2.3. Tussen partijen is niet in geschil dat de waarde van het perceel grond en de stacaravan die van de Hyundai ruimschoots overstijgt. Dit rechtvaardigt de conclusie dat het financiële belang van de waardebepaling van het perceel en de stacaravan aanzienlijk groter is dan de waardebepaling van de auto. Gelet hierop gaat de rechtbank ervan uit dat uit het standpunt van partijen volgt dat geen deskundige hoeft te worden benoemd voor de waardebepaling van de Hyundai. Dit oordeel brengt mee dat de rechtbank zelf de waarde van deze auto zal schatten.
Waarde auto
2.4. Ter zitting heeft [eiseres] gesteld dat de Hyundai volgens een taxatie uit 2006 van het occassioncenter Bloemendaal EUR 4.000,- bedraagt. [gedaagde] heeft als verweer aangevoerd dat een soortgelijk voertuig ten tijde van de comparitie (21 oktober 2008) op Marktplaats wordt aangeboden voor EUR 1.250,-.

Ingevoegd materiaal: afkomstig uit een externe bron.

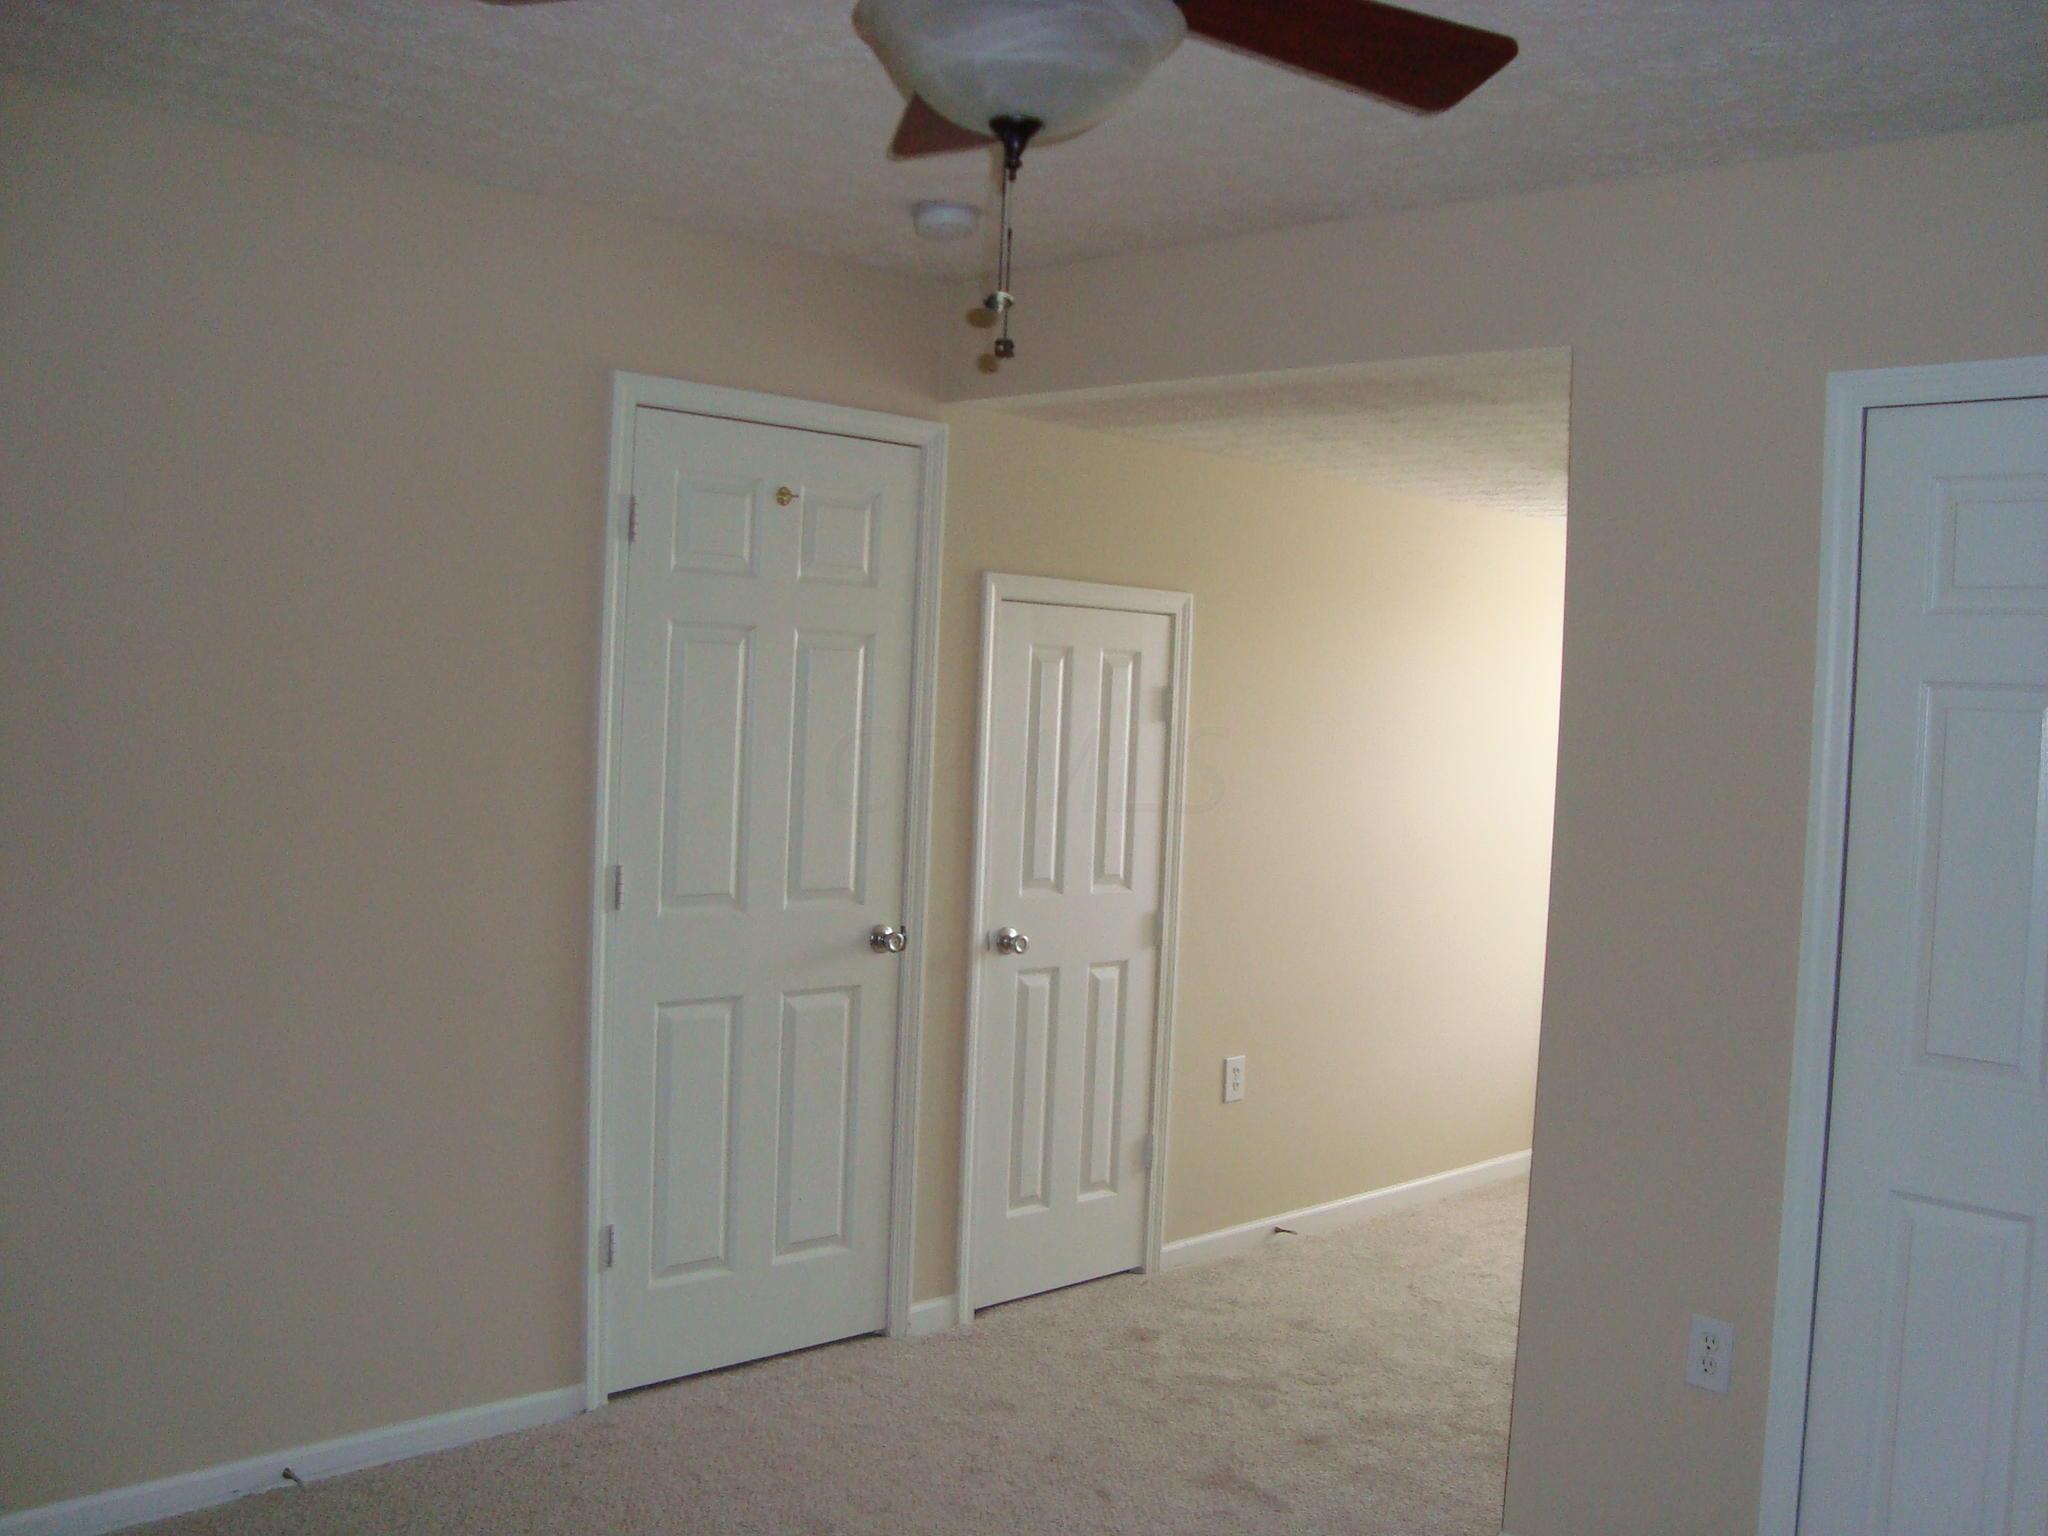 2978 Glenloch Circle, Dublin, Ohio 43017, 2 Bedrooms Bedrooms, ,2 BathroomsBathrooms,Residential,For Sale,Glenloch,220016398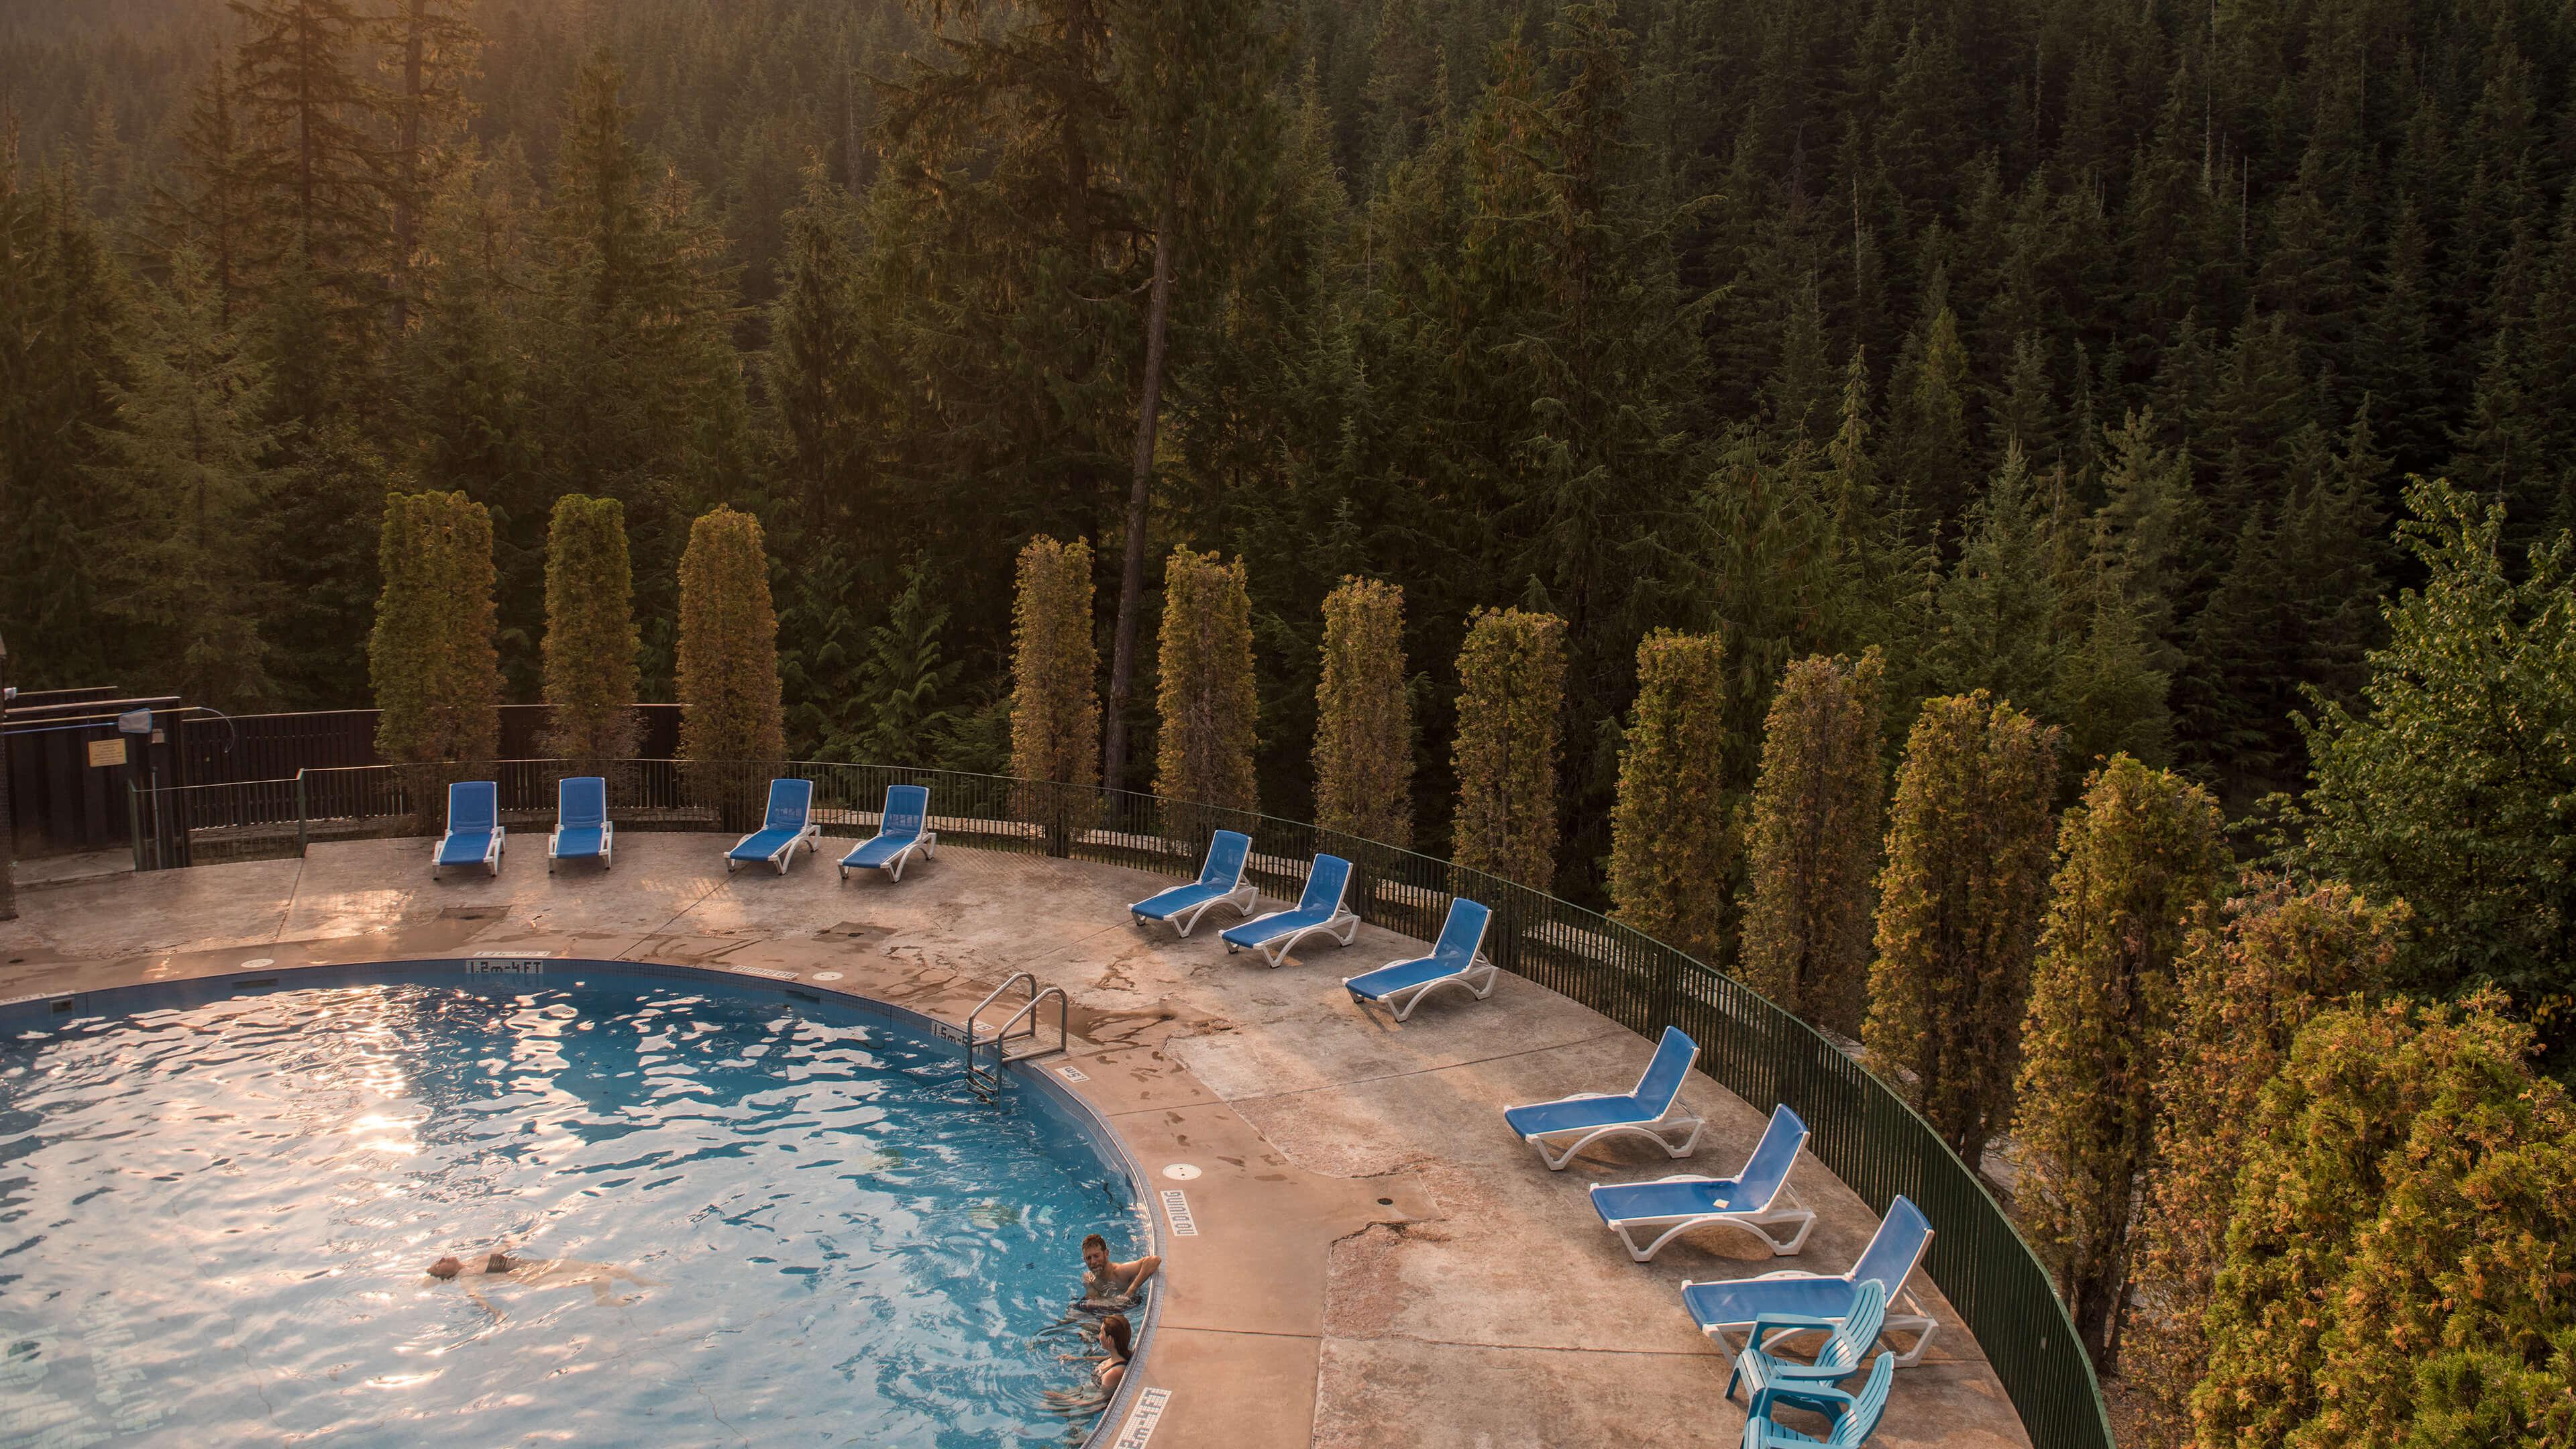 Nakusp Hot Springs in BC's Kootenay Rockies

2.5. De rechtbank passeert het verweer van [gedaagde] dat de waarde van de Hyundai moet worden bepaald op EUR 1.250,-. In r.o. 4.16 van voornoemd tussenvonnis heeft de rechtbank immers geoordeeld dat 10 november 2006 heeft te gelden als het tijdstip waarop de waarde van de Hyundai moet worden beoordeeld. Uitgaande van een gebruikelijke afschrijving moet het ervoor worden gehouden dat de waarde van het voertuig op deze peildatum beduidend hoger lag dan op de datum van de comparitie die bijna twee jaren later heeft plaatsgevonden. De door [gedaagde] genoemde waarde kan dan ook niet als grondslag dienen voor de bepaling van de waarde van de auto per 10 november 2006. De rechtbank zal de door [eiseres] genoemde de waarde van EUR 4.000,- daarom tot uitgangspunt nemen.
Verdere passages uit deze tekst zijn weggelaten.